W świecie biologii molekularnej przewidywanie interakcji białko-białko od lat pozostaje kluczowym wyzwaniem. Najnowsze badania zespołu z MIT prezentują FragFold – system sztucznej inteligencji wykorzystujący AlphaFold do projektowania fragmentów peptydowych zdolnych do selektywnego hamowania funkcji białek. Ta metodologia otwiera nowe możliwości w badaniach podstawowych i poszukiwaniu terapii celowanych.
Mechanizm działania FragFold
Podstawą działania FragFold jest innowacyjne podejście do przetwarzania danych ewolucyjnych. Tradycyjne modele AlphaFold generują wielokrotne dopasowanie sekwencji (MSA) dla każdego białka osobno, co przy analizie tysięcy fragmentów staje się obliczeniowo prohibitywne. Rozwiązaniem okazało się prekompilowanie MSA dla pełnej długości białka, a następnie wykorzystanie tych danych do predykcji dla wszystkich jego fragmentów.

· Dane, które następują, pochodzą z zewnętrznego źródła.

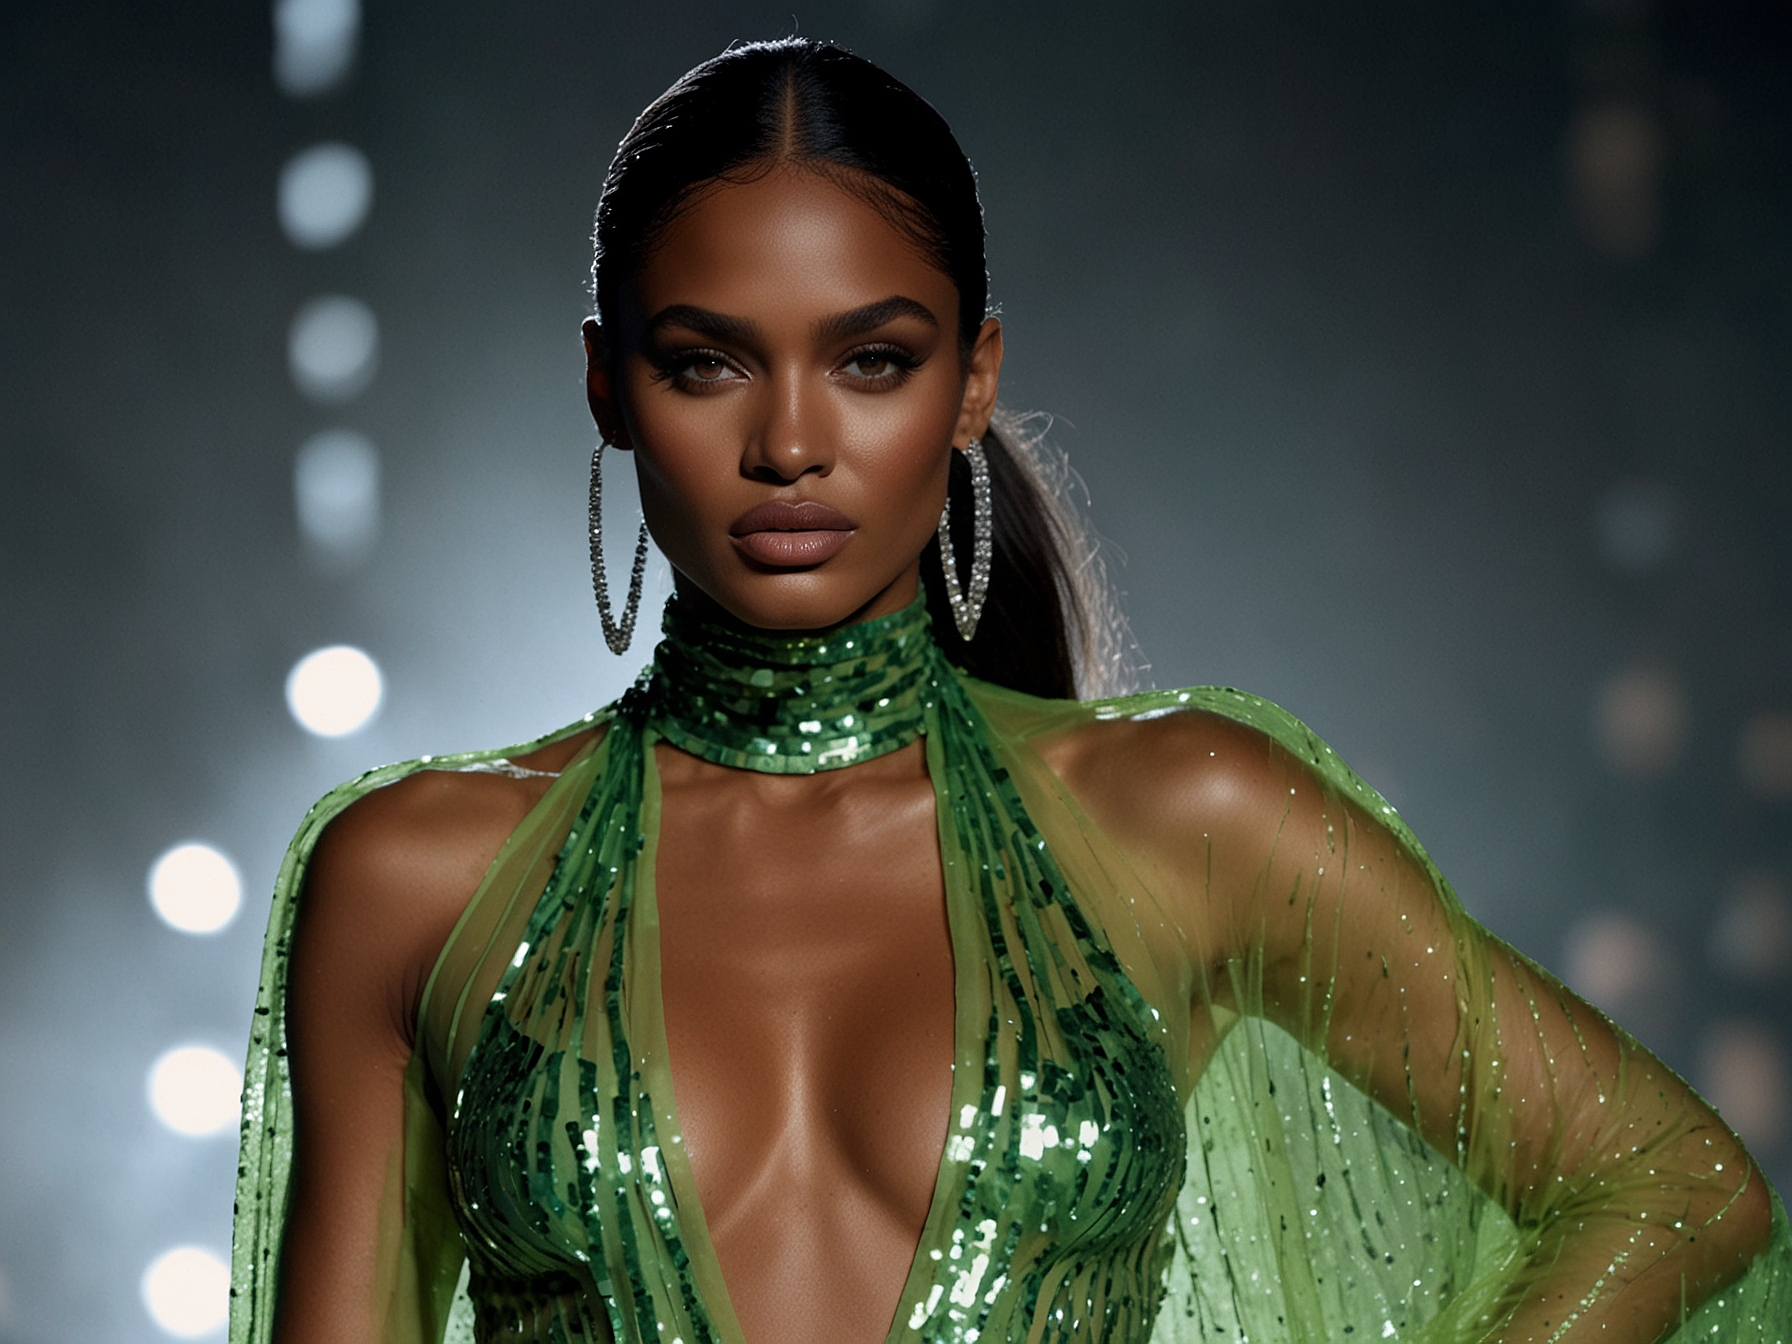 Ciara graces the runway at the Vogue World Paris show, wearing a neon green mesh cloak over a dazzling sequin bodysuit, stealing the spotlight and setting new fashion benchmarks.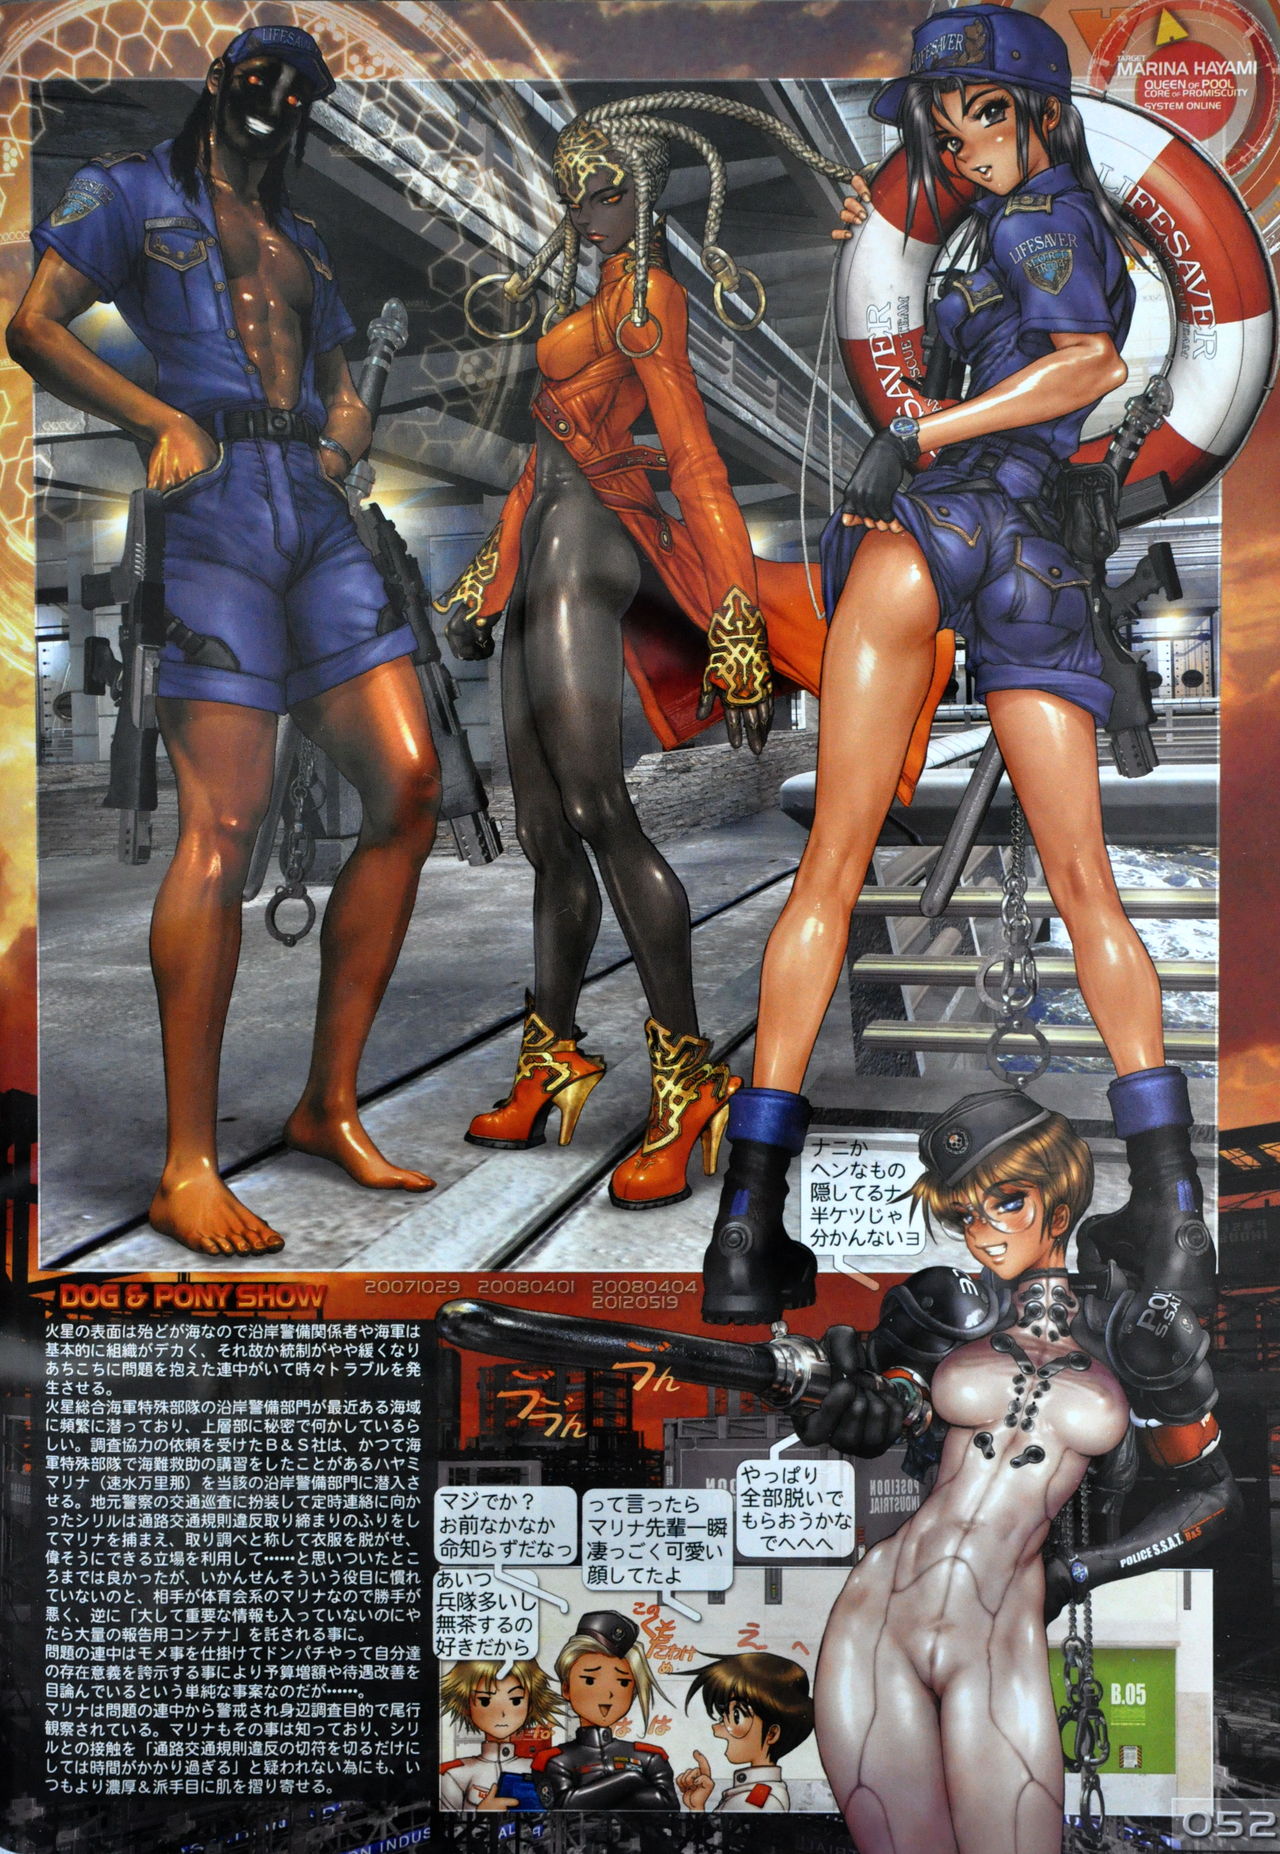 [Masamune Shirow] W-Tails Cat 2 [士郎正宗] W・TAILS CAT 2

W praktyce system dzieli docelowe białko na krótkie sekwencje aminokwasowe (zwykle 30-50 reszt), a następnie symuluje ich oddziaływania z wybranymi partnerami molekularnymi. Algorytm ocenia nie tylko stabilność kompleksu, ale również potencjał inhibicyjny fragmentu. W przypadku białka FtsZ zaangażowanego w podział komórkowy, FragFold zidentyfikował nowe miejsca wiązania w regionie strukturalnie niezorganizowanym, którego analiza konwencjonalnymi metodami była dotąd niemożliwa.
| Białko docelowe | Długość fragmentu | Skuteczność inhibicji |
|---|---|---|
| FtsZ | 35 reszt | 62% |
| LptG | 42 reszty | 58% |
Eksperymentalna walidacja wyników
Zespół zweryfikował przewidywania modelu poprzez wysokoprzepustowe testy in vivo. W przypadku kompleksu transportowego LptF-LptG zaobserwowano, że fragment LptG skutecznie zakłóca dostarczanie lipopolisacharydów do błony komórkowej E. coli. Co istotne, mutageneza wybranych reszt aminokwasowych w przewidzianych fragmentach prowadziła do wzmocnienia efektu inhibicyjnego nawet o 40% w porównaniu z sekwencjami naturalnymi.
“Połączenie danych eksperymentalnych z modelowaniem strukturalnym pozwala nie tylko potwierdzać przewidywania, ale i odkrywać nowe mechanizmy działania na poziomie molekularnym” – komentuje dr Sebastian Swanson, współautor badania.
Perspektywy aplikacyjne
Oprócz oczywistych zastosowań w projektowaniu leków, FragFold oferuje unikalne możliwości w inżynierii białek. Wstępne eksperymenty sugerują, że niektóre fragmenty mogą pełnić funkcję modulatorów aktywności enzymatycznej lub znaczników do lokalizacji subkomórkowej. Planowane są prace nad wykorzystaniem systemu do:
- Generowania stabilizatorów konformacyjnych białek
- Projektowania induktorów degradacji białkowej (PROTAC)
- Tworzenia modułowych systemów regulacji genetycznej
Obecnie zespół pracuje nad rozszerzeniem metodyki na białka ludzkie, ze szczególnym uwzględnieniem celów onkologicznych i neurodegeneracyjnych. Kolejnym etapem badań ma być integracja FragFold z systemami generatywnymi typu RFdiffusion dla projektowania całkowicie nowych inhibitorów.